While JK is a smart and well-intentioned leader, his leadership of the Subsurface centralized function has fallen short of business expectations. There is a noticeable disconnect from frontline realities, minimal engagement with customer feedback, if it is being asked for at all, and little understanding of who is actually delivering results or not.
However, all of JK's direct reports have swiftly secured their new jobs (barring a few EOIs) and are now demonstrating a lack of empathy toward the broader team, many of whom have already endured over 6 months of prolonged uncertainty. This situation highlights a combination of indecisiveness and leadership behavior that falls short of the support and transparency expected.
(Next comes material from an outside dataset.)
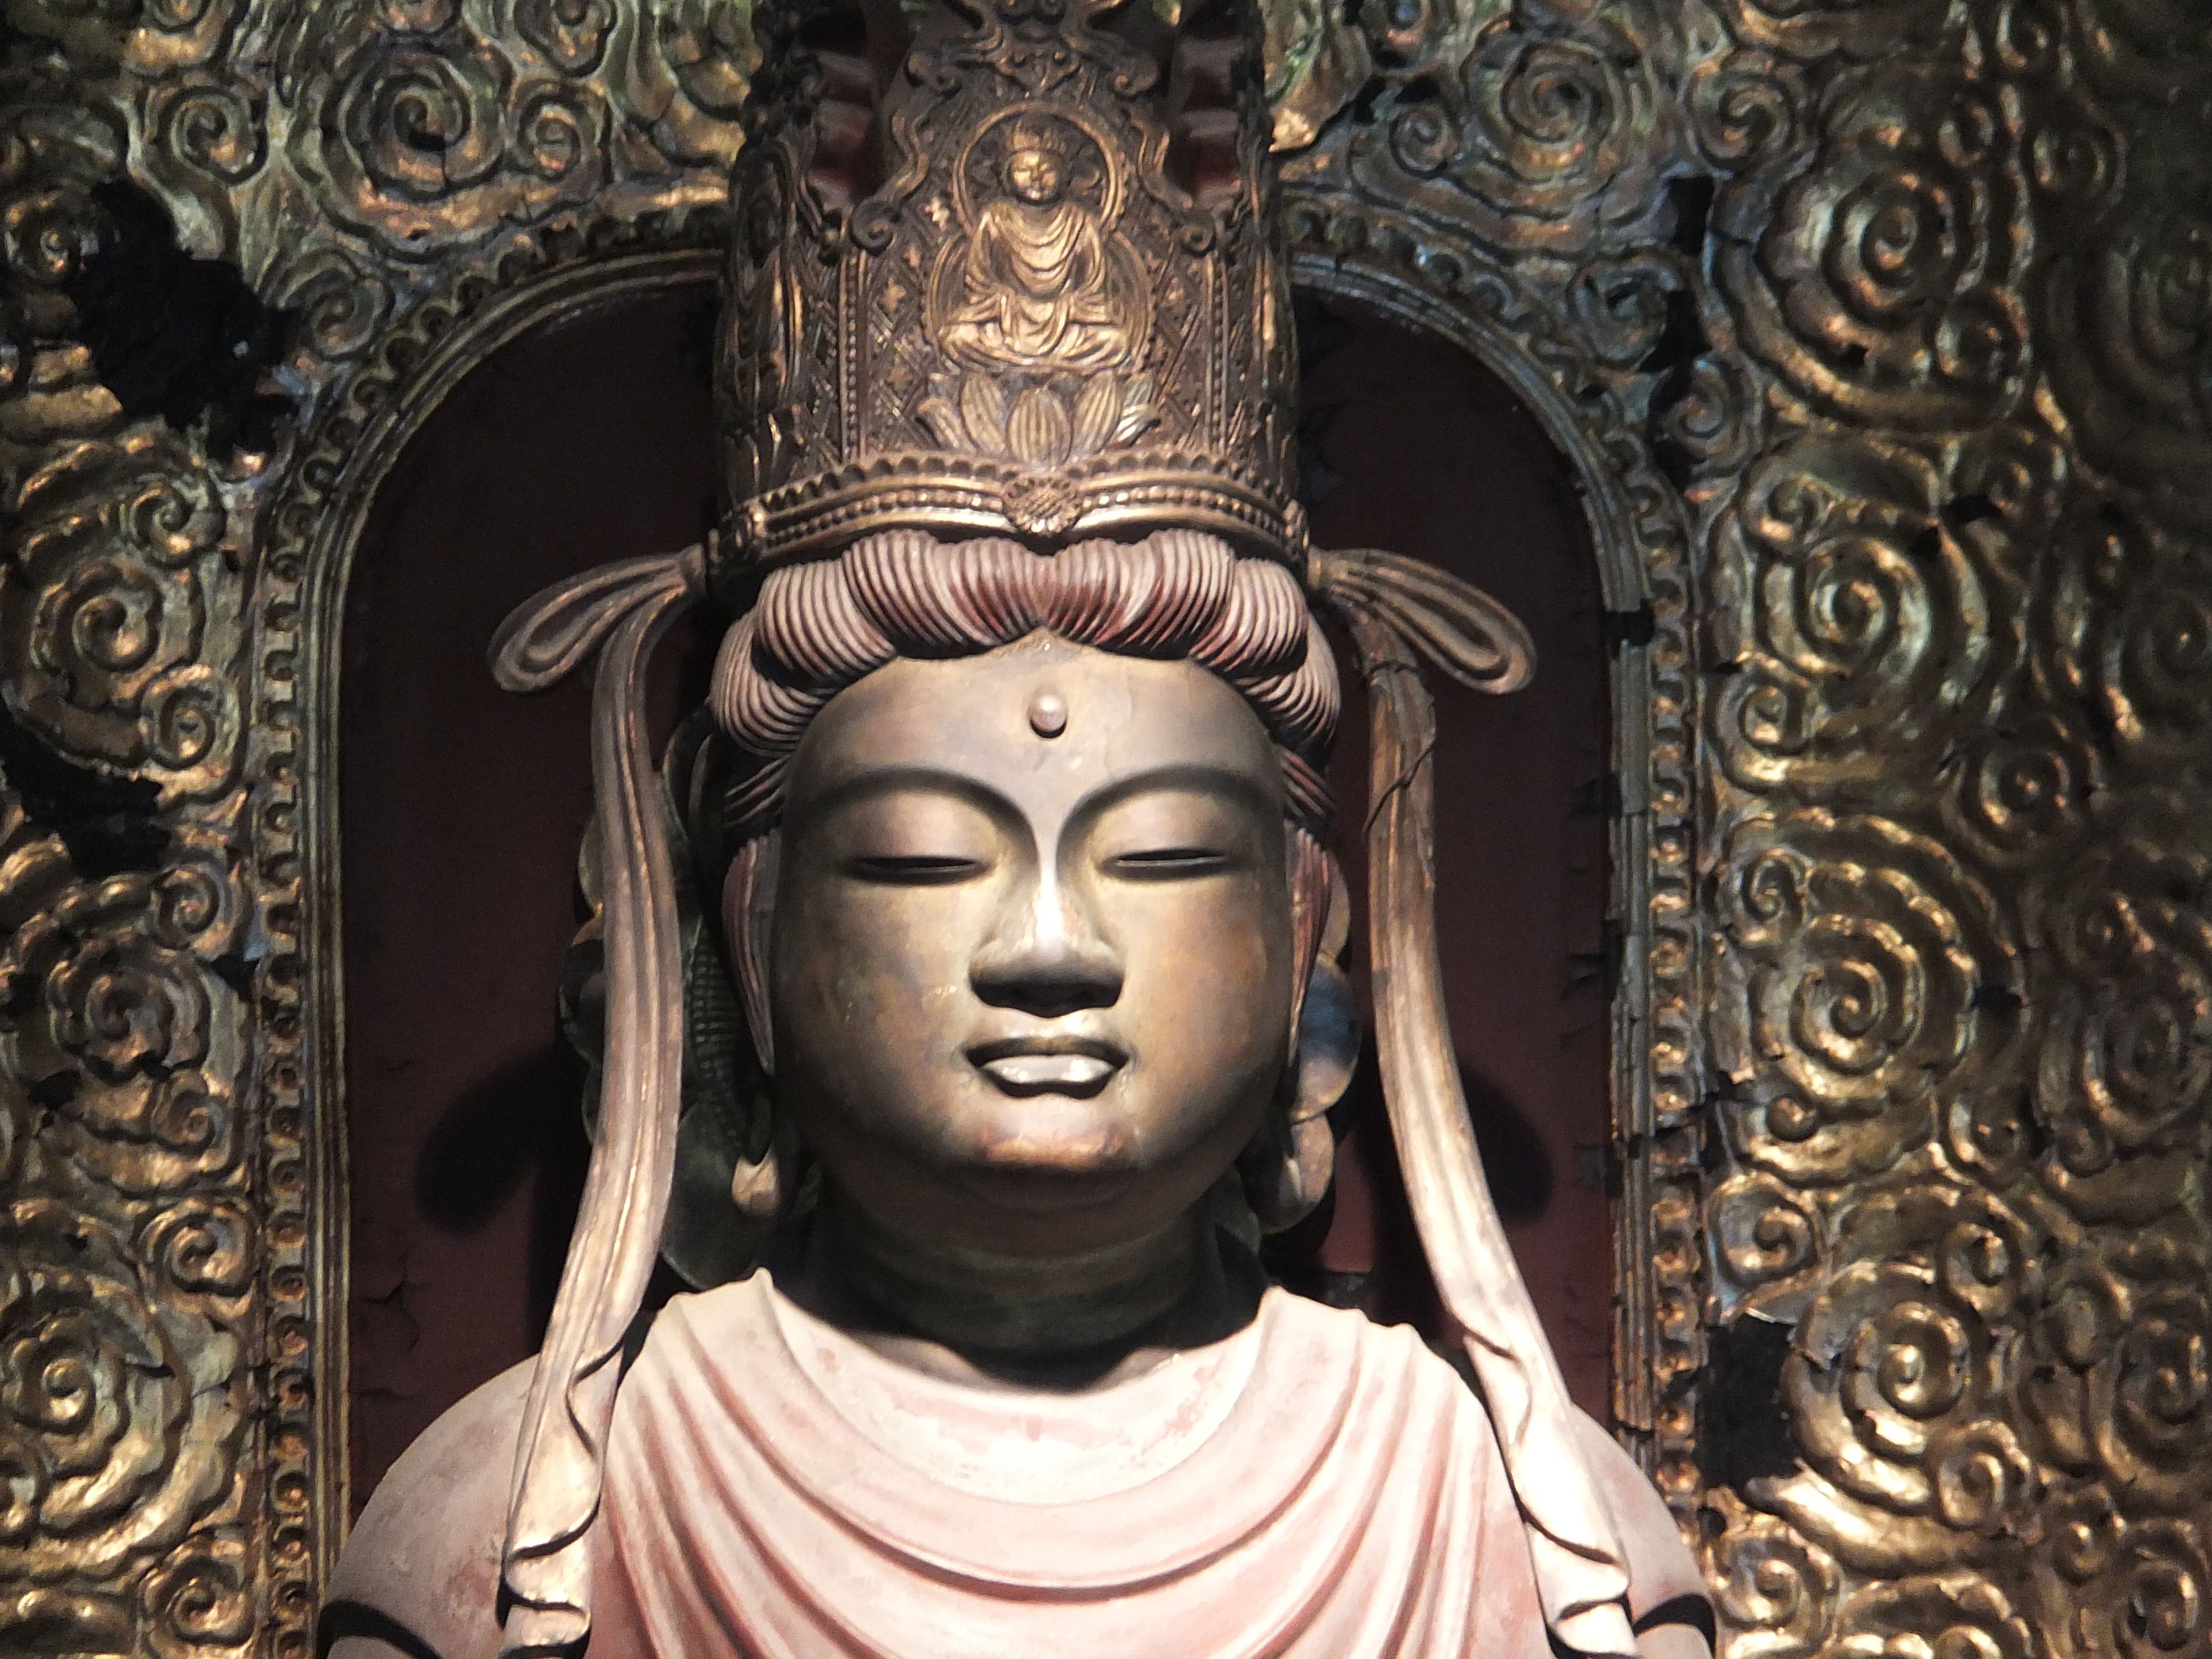 世界遺産 平泉 毛越寺常行堂 宝冠阿弥陀如来 World Heritage Motuuji Temple Buddha Statue Crowned Amida Nyorai 写真の旅 世界 日本 無料壁紙 Free Photo Wallpaper Japan World

Many of the employees representatives have never worked with the people they are meant to represent. Rather than leaning on hard data, PMP ratings, LTIP, past promotion, supervisor inputs, selection appears driven by the ancient corporate art of "friend-of-a-friend" whisper networks. In this system, excellent social skills are more important than actually delivering value. It is unclear whether "good at networking over coffee" is now a formal selection criterion.
The upcoming reshuffle in the new groups from NH and NC seems poised to favor familiar faces, social climbers, politickers, and yes-men, leaving behind high performers and execution driven leaders. If this trend continues, we risk eroding BU experience and undermining accountability.